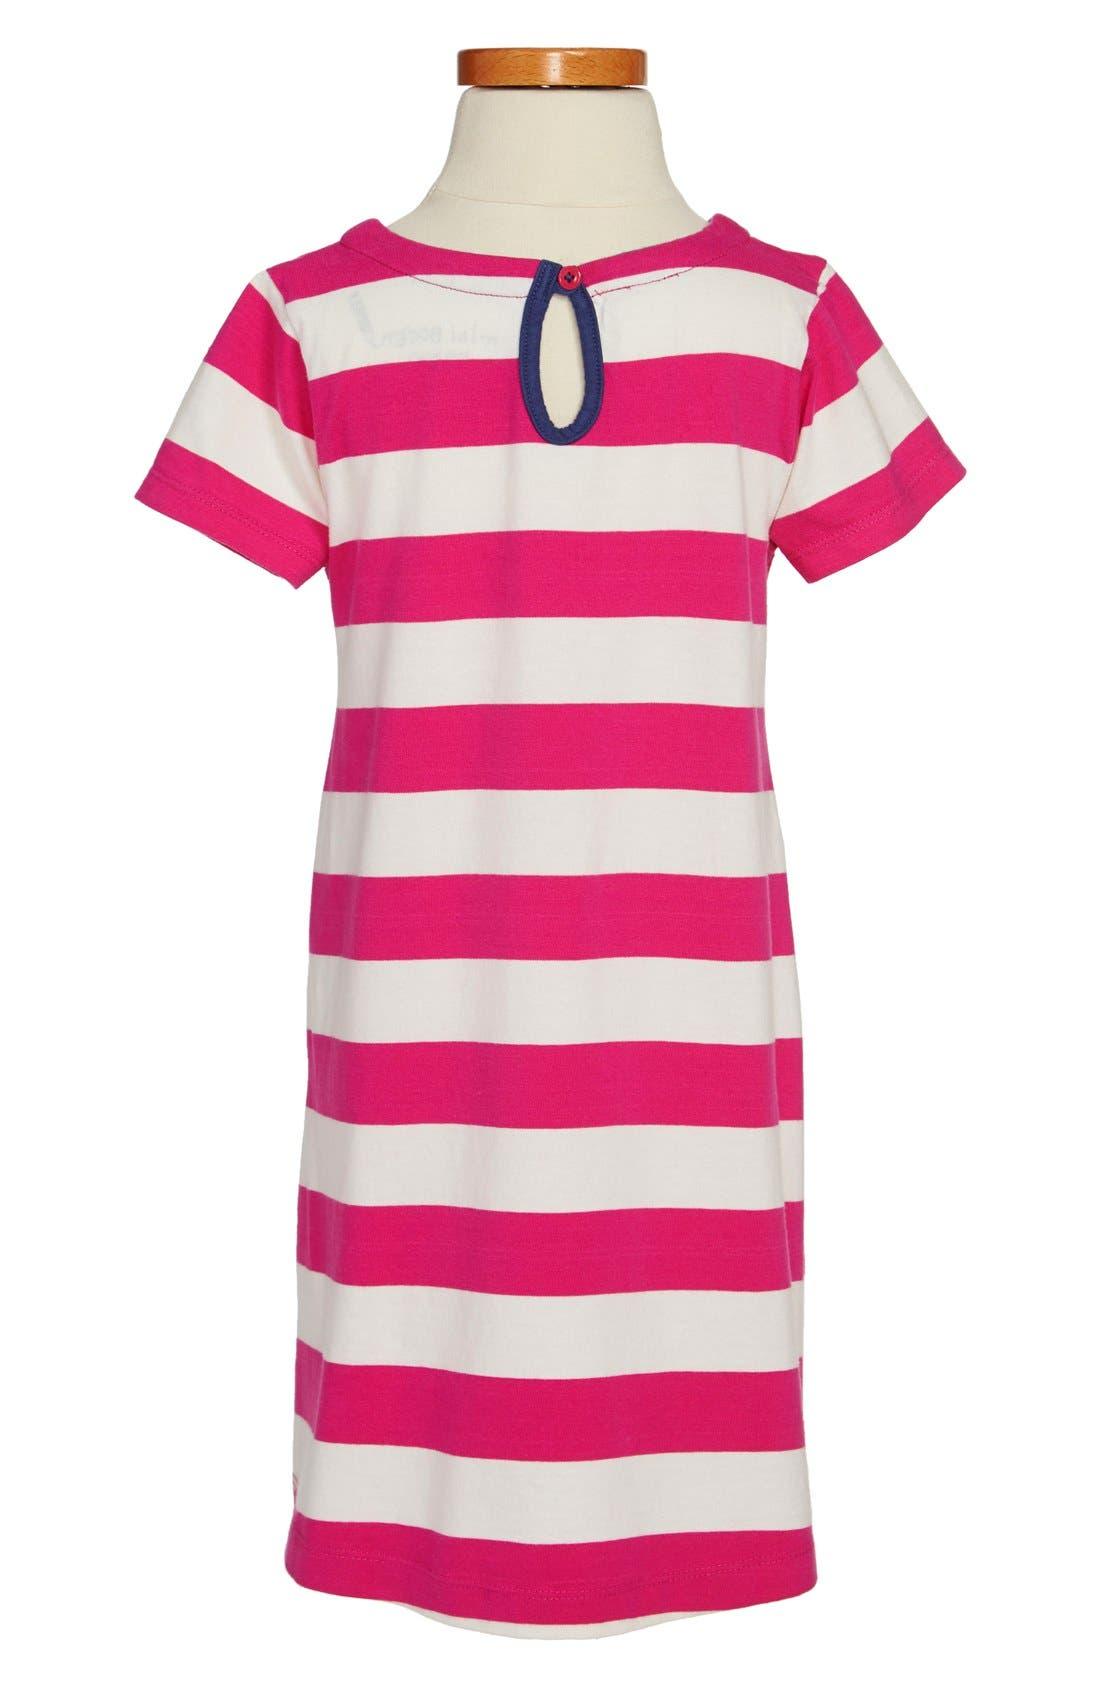 Alternate Image 2  - Mini Boden Appliqué Cotton Dress (Toddler Girls, Little Girls & Big Girls)
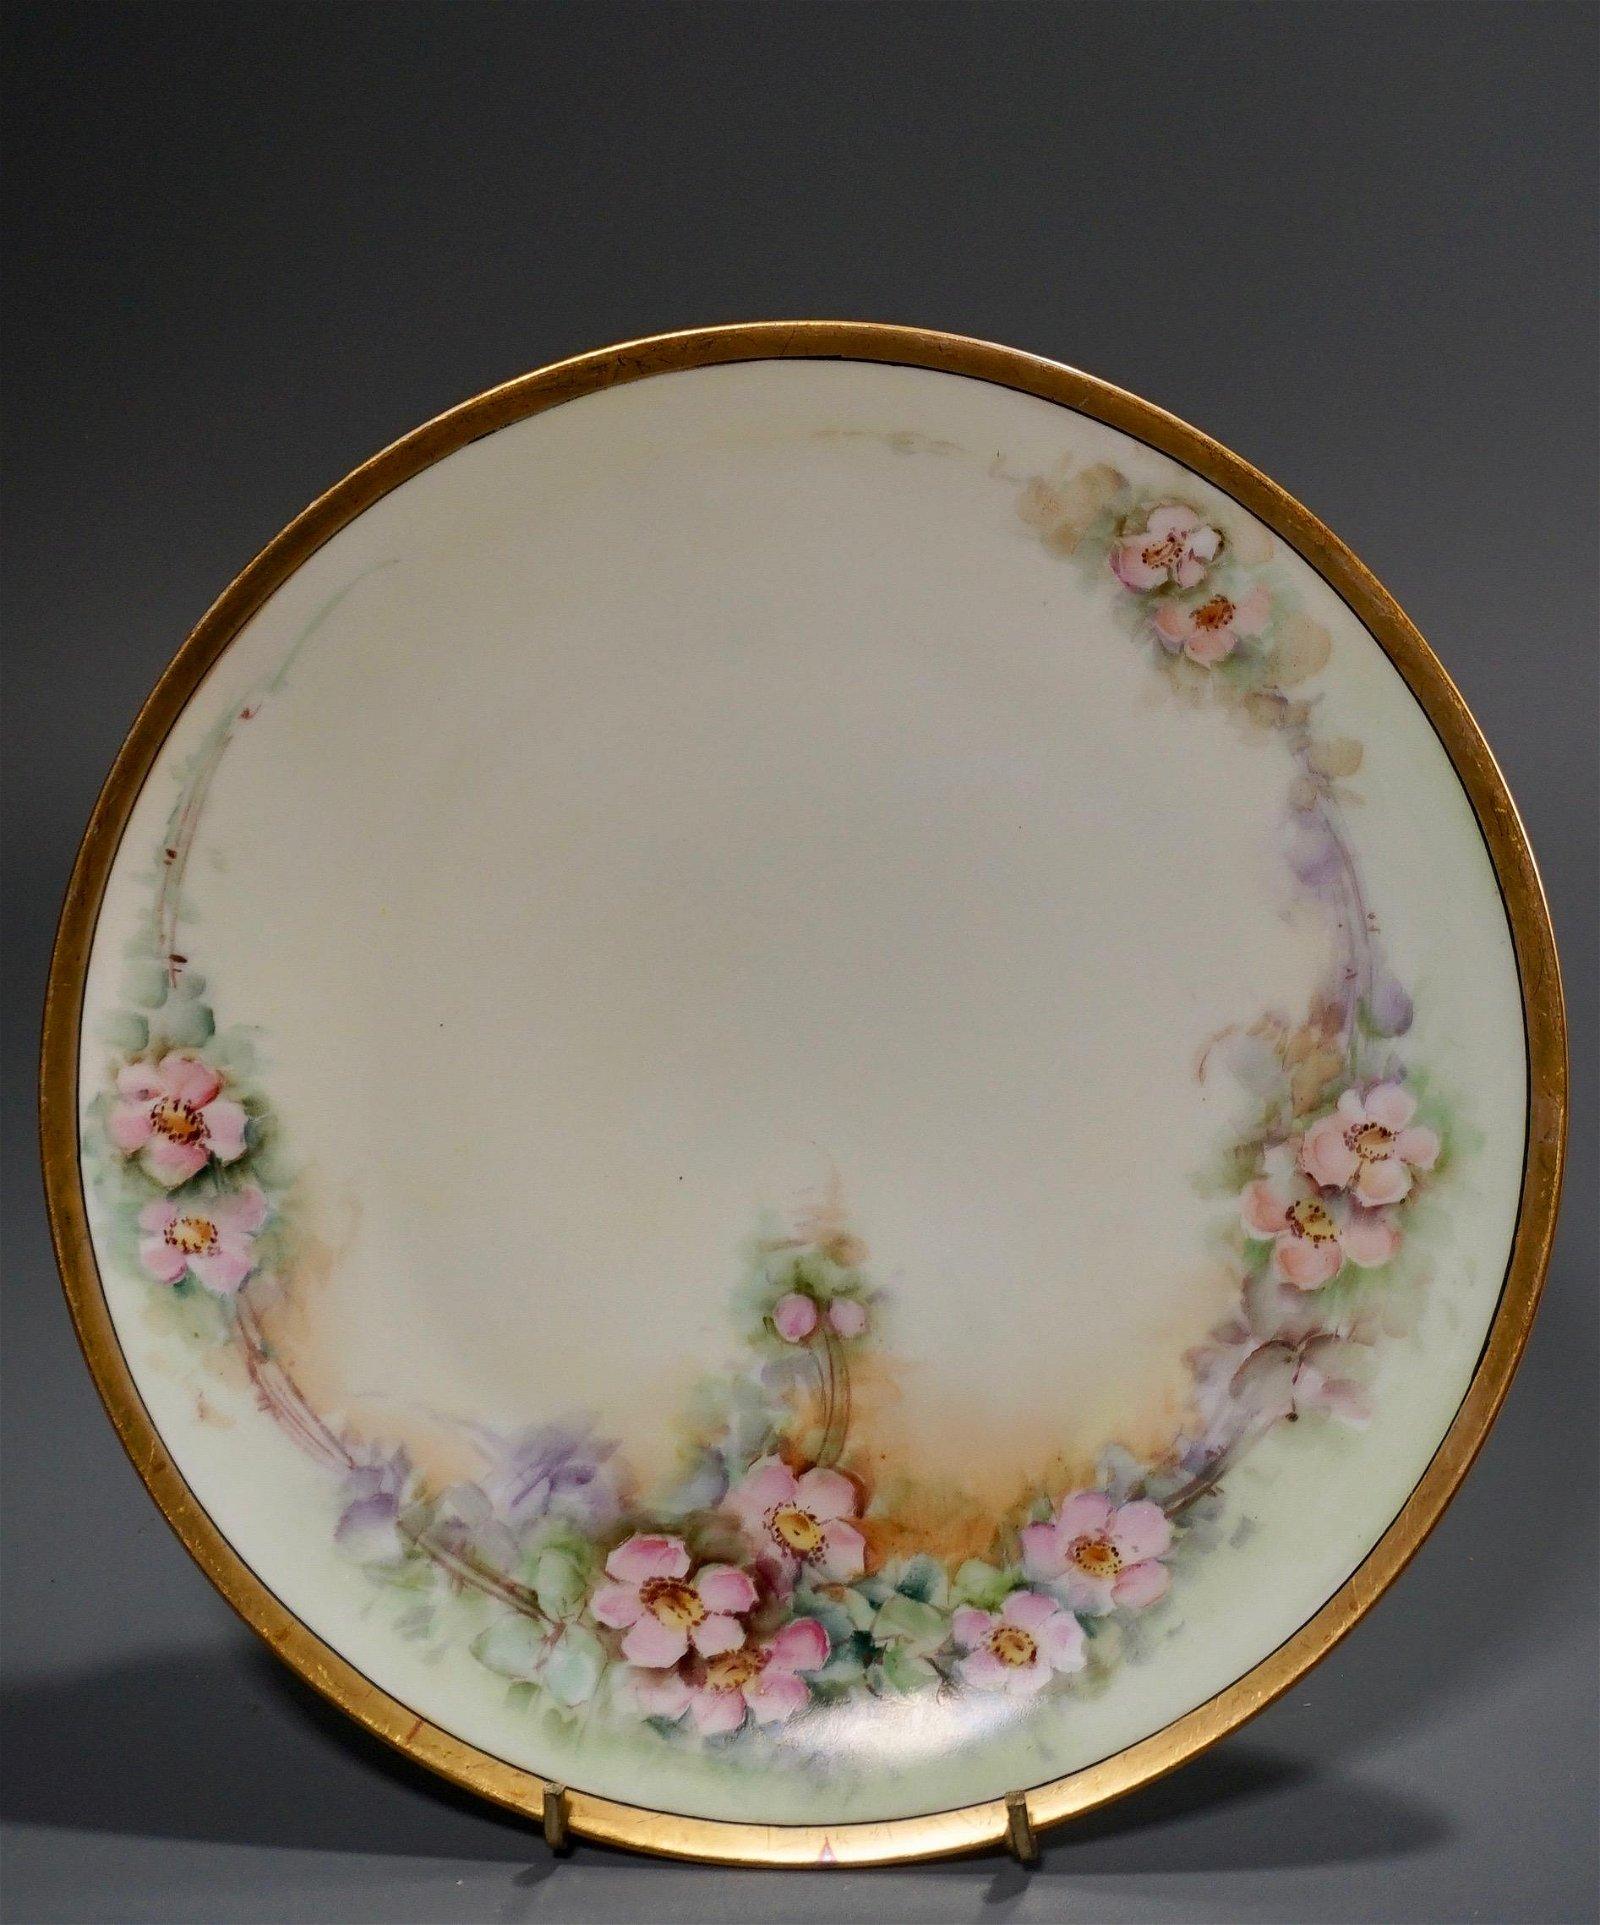 Thomas Sevres Bavaria Hand Painted Porcelain Platter
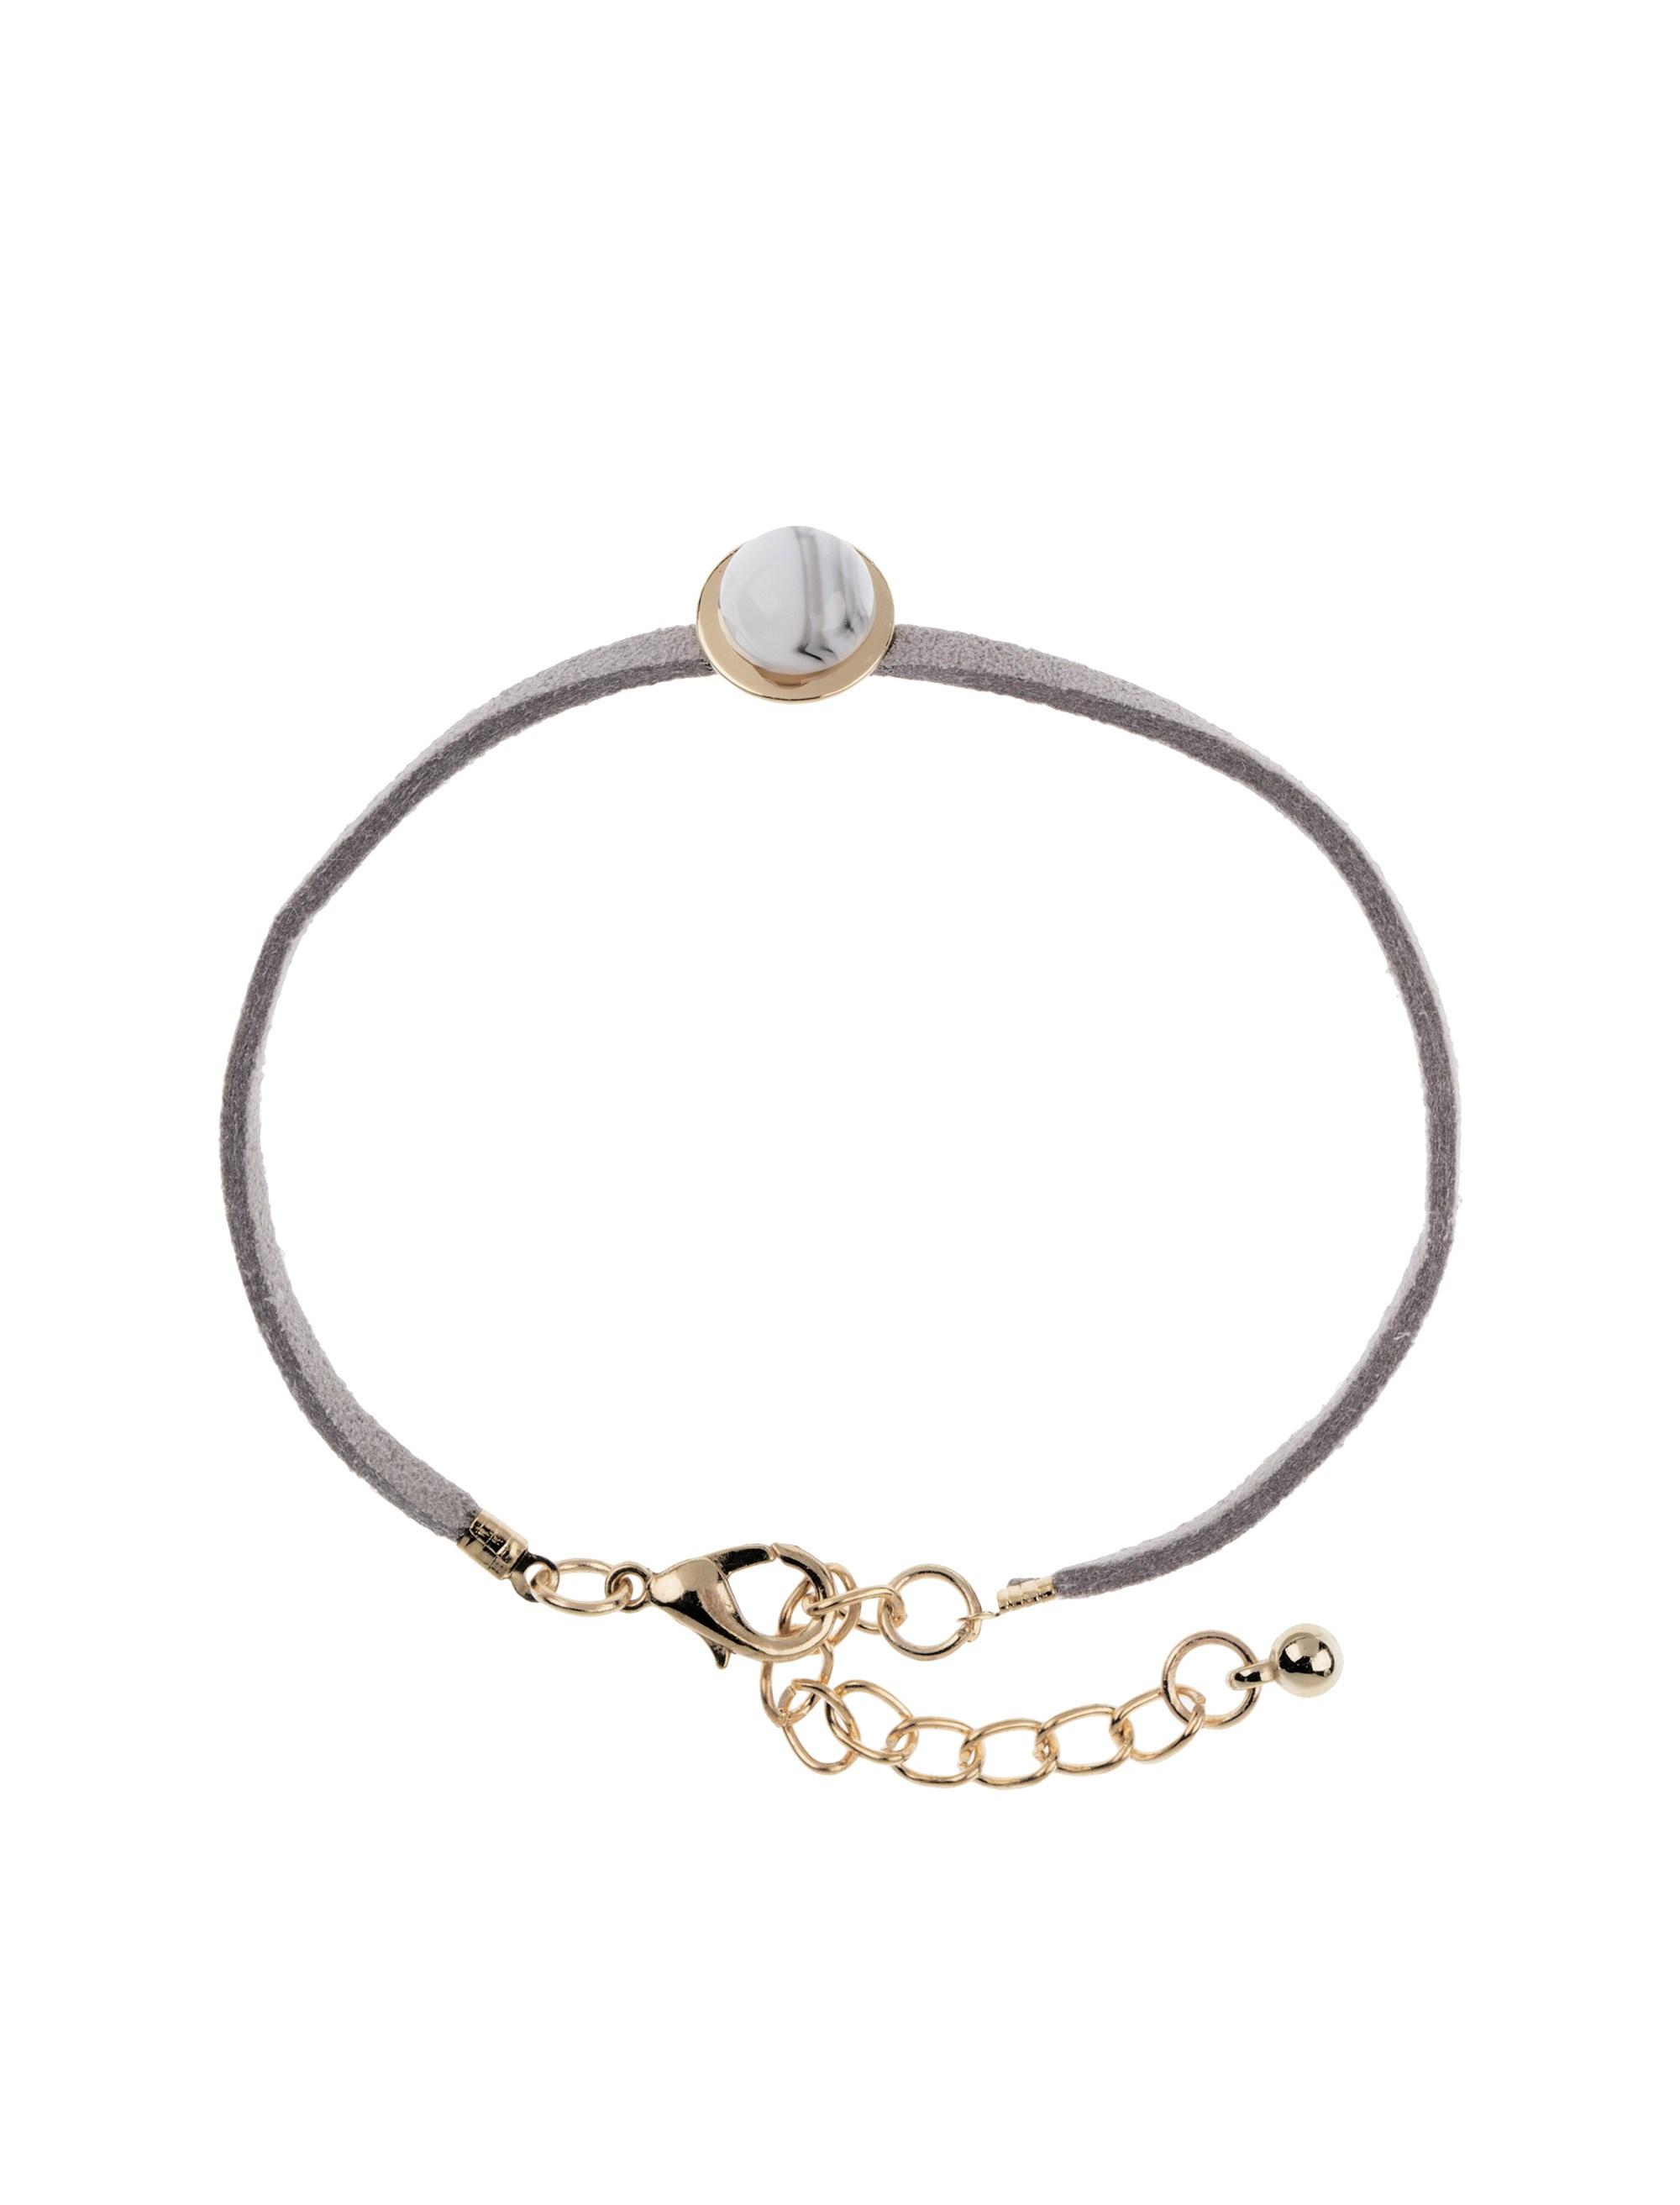 دستبند زنانه بسته 3 عددی - کوتون - طلايي/ طوسي - 7

◇ ◇ ◇ ◇ ◇

-- The task --
Please transcribe exactly the lines from the one containing "Thomas Sevres Bavaria" through the final line of the data, including both, and nothing else. Pictures are to be left out.

-- Task result --
 Thomas Sevres Bavaria Hand Painted Porcelain Platter
 دستبند زنانه بسته 3 عددی - کوتون - طلايي/ طوسي - 7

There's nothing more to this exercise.